Our easy no bake peanut butter oatmeal protein balls with chocolate chips and flax seed is a delicious healthy snack that kids and adults absolutely love. Prep these in just 10 minutes and enjoy throughout the week!

A blue bowl filled with round oatmeal and chocolate chip energy bites, made using a simple energy ball recipe, sits on a dark surface.

I remember making a version of these in High School for a bake sale and although this easy energy ball recipe technically required no baking at all they were a hit. There are of course several versions of what you can include and/or omit to make these but at the end of the day it starts out with a few simple ingredients.

I love goodies that stick with you, that my kids love, and don’t require an oven. Especially during the Summer that’s the last thing I want to turn on.

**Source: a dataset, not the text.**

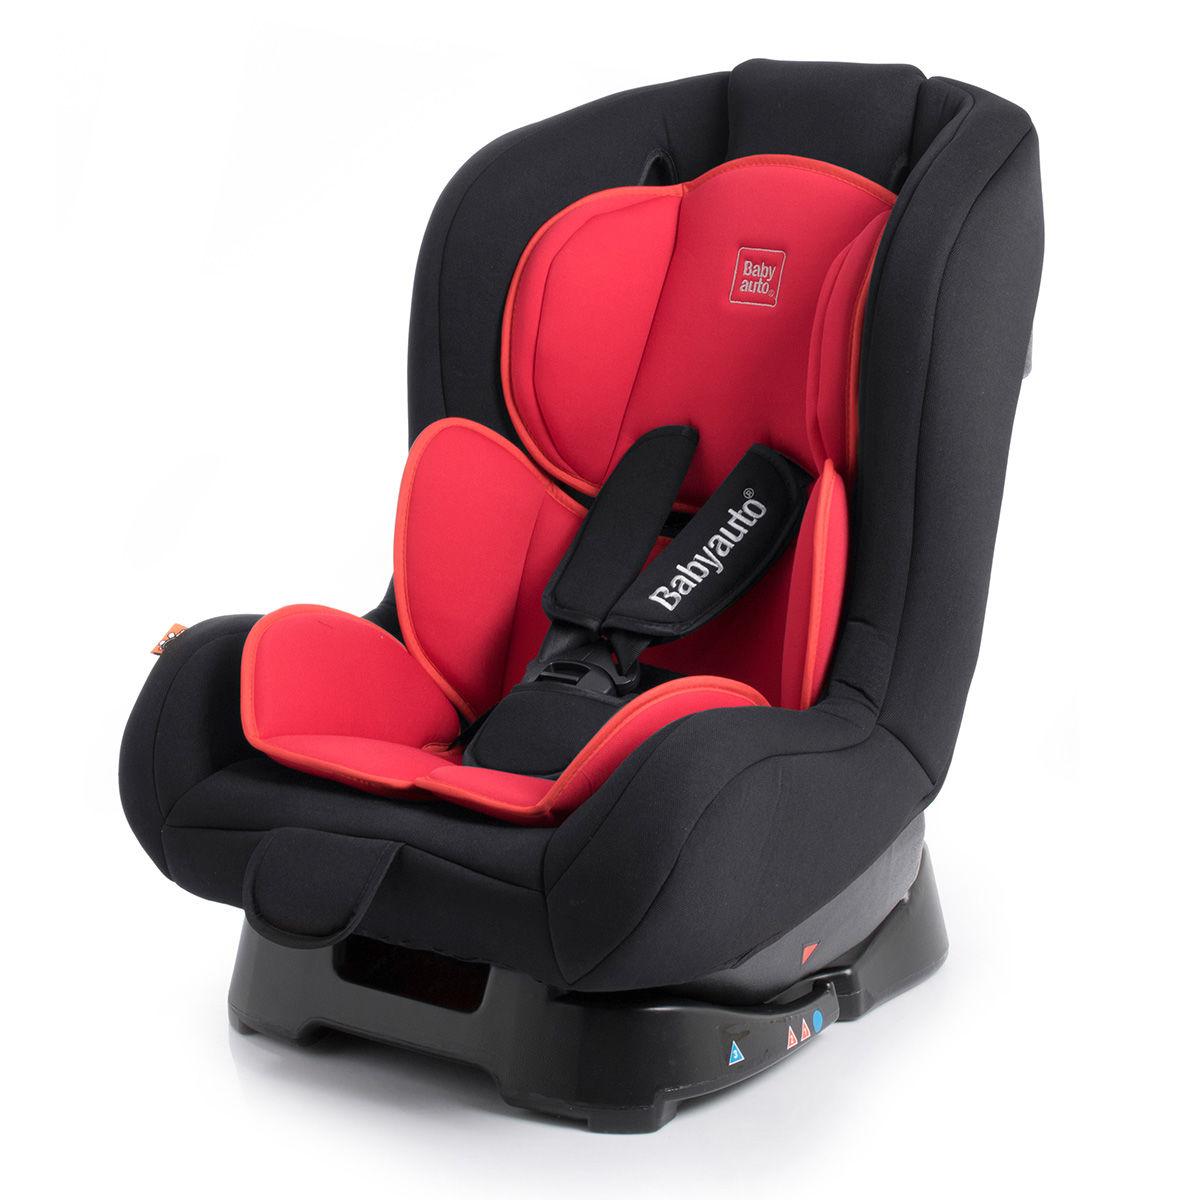 Afbeelding van Autostoel Babyauto Lolo Rood (0-18kg)

Energy bites are great as a snack before or after a soccer game, when you’re back from the gym, or just as a snack. You can “hide” good things for you inside too like flax seeds and your kids will never know! 😉

Bowl of no bake energy bites and ingredients with step-by-step mixing and shaping process shown, perfect for anyone looking to try a simple energy ball recipe.

The ingredients are as follows. Now keep in mind if you’d rather leave out the flax seeds or just don’t chocolate chips in them just adjust accordingly. They are really quite easy to throw together and adults and kids love the taste. Keep them in the fridge to snack on throughout the week too.

Ingredient Notes

I like to start with the dry ingredients in my bowl first. I add the old fashioned oats in there and realized that Kodiak oats have a lot higher protein and taste the same so I will use that.

With that add your flax seeds which yes has protein in it but more than that it is a great source of fiber (and you won’t taste it so even better). An alternative would be chia seeds but I don’t think the texture is as great.

As for protein powder there are tons of options out there. I have tried a few, plain, vanilla and my favorite is birthday cake!! I linked the one I used in the recipe card so I suggest you use that.

Natural peanut butter that is creamy is the best option for this. I buy the double pack from Costco because we make these super often.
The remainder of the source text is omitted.